Geraldine Emma May Jebb CBE (1886 – 28 December 1959), known as Gem Jebb, was the daughter of Heneage Horsley Jebb and Geraldine Croker Russell. The Jebbs were a distinguished Irish family, prominent in both the Church of Ireland and the legal profession: her paternal grandparents were Robert Jebb QC and Harriet Horsley, a descendant of Bishop Samuel Horsley. Her mother was a daughter of John Russell, Archdeacon of Clogher and his wife Frances Story. She was the Principal of Bedford College, University of London, from 1930 to 1951, the first higher education women's college in the United Kingdom. She was unmarried.

==Education==
Jebb was educated at Newnham College, Cambridge taking the Economics Tripos although women were not awarded degrees at Cambridge until 1948.

==Career==
Jebb worked in the Civil Service from 1913 to 1917 in the Department of the Ministry of Labour.

=== Academia ===
Jebb then became Director of Studies and Lecturer on Economics at Newnham from 1917 to 1919 and from 1919 to 1929 a lecturer on Economics at Armstrong College, now Newcastle University but then part of the University of Durham.

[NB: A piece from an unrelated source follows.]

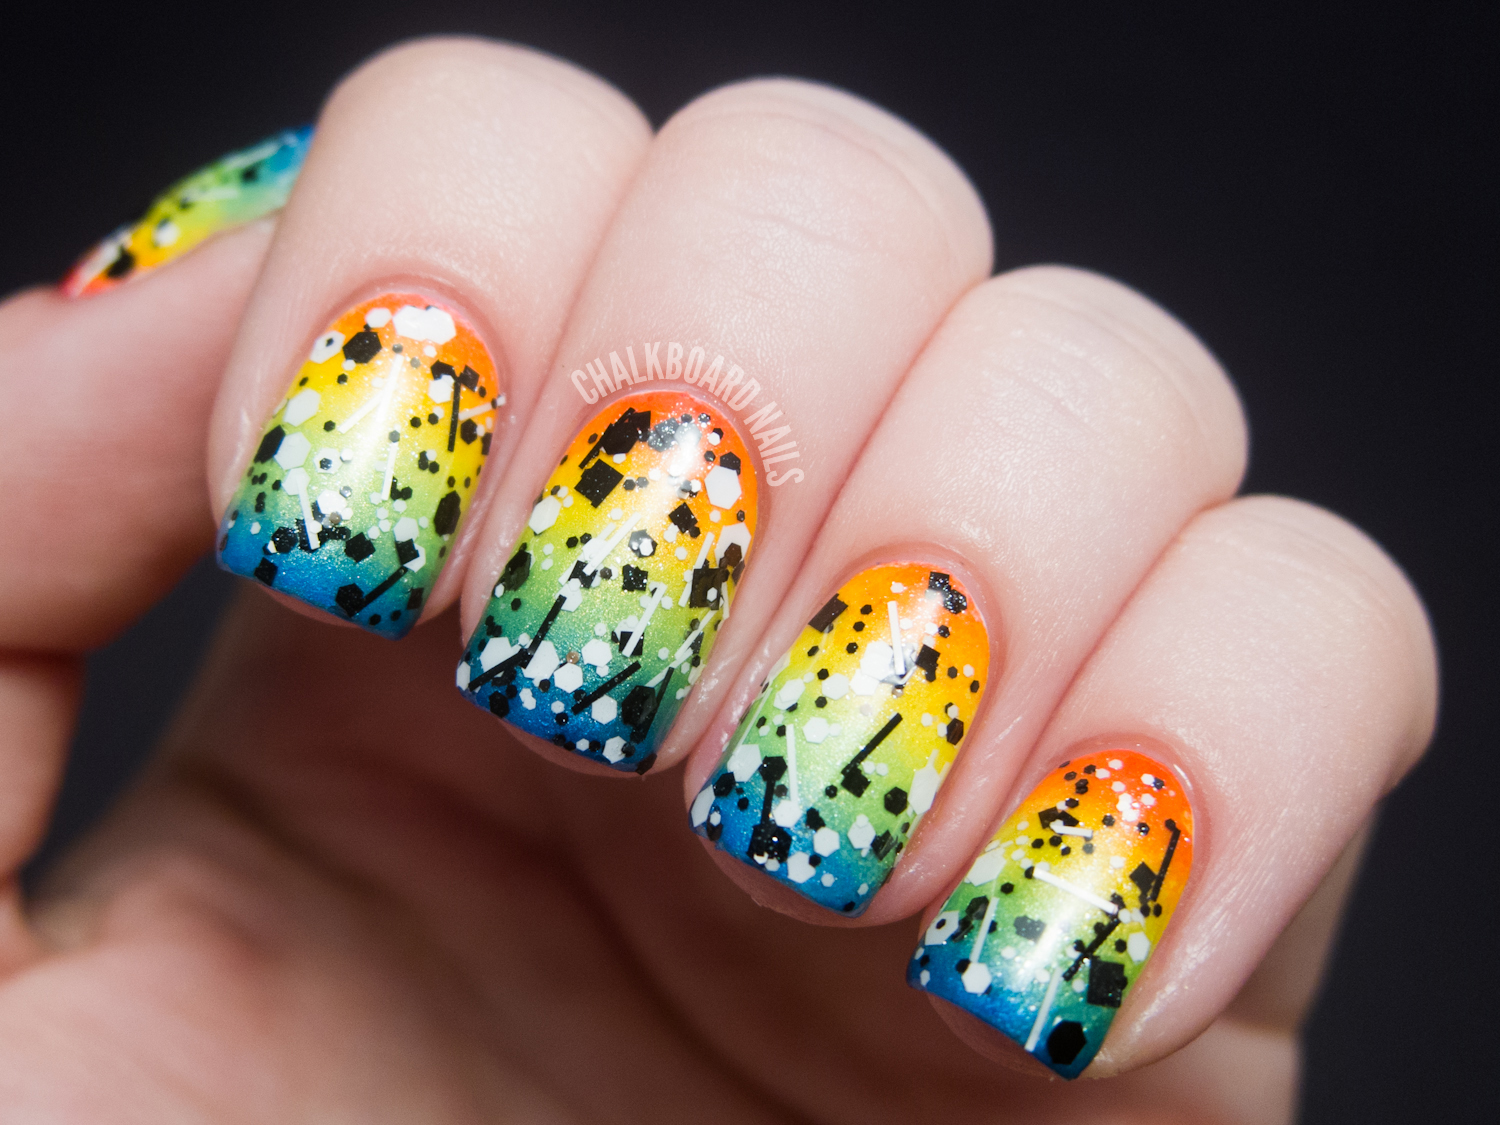 3. Gradient Rainbow Nail Art with Sponge - wide 5

In 1930 she was appointed Principal of Bedford College and retired in 1951. During this period, Jebb represented the college on the Management Committee for the Florence Nightingale Foundation (FNF), a charity organisation that provides scholarships to health professionals in the UK.

She was appointed CBE in 1951.

==Relations==
Jebb's sister, Eglantyne Mary Jebb (1889–1978), was Principal of the Froebel Educational Institute (now Froebel College, Roehampton University), Roehampton, London (1932–55).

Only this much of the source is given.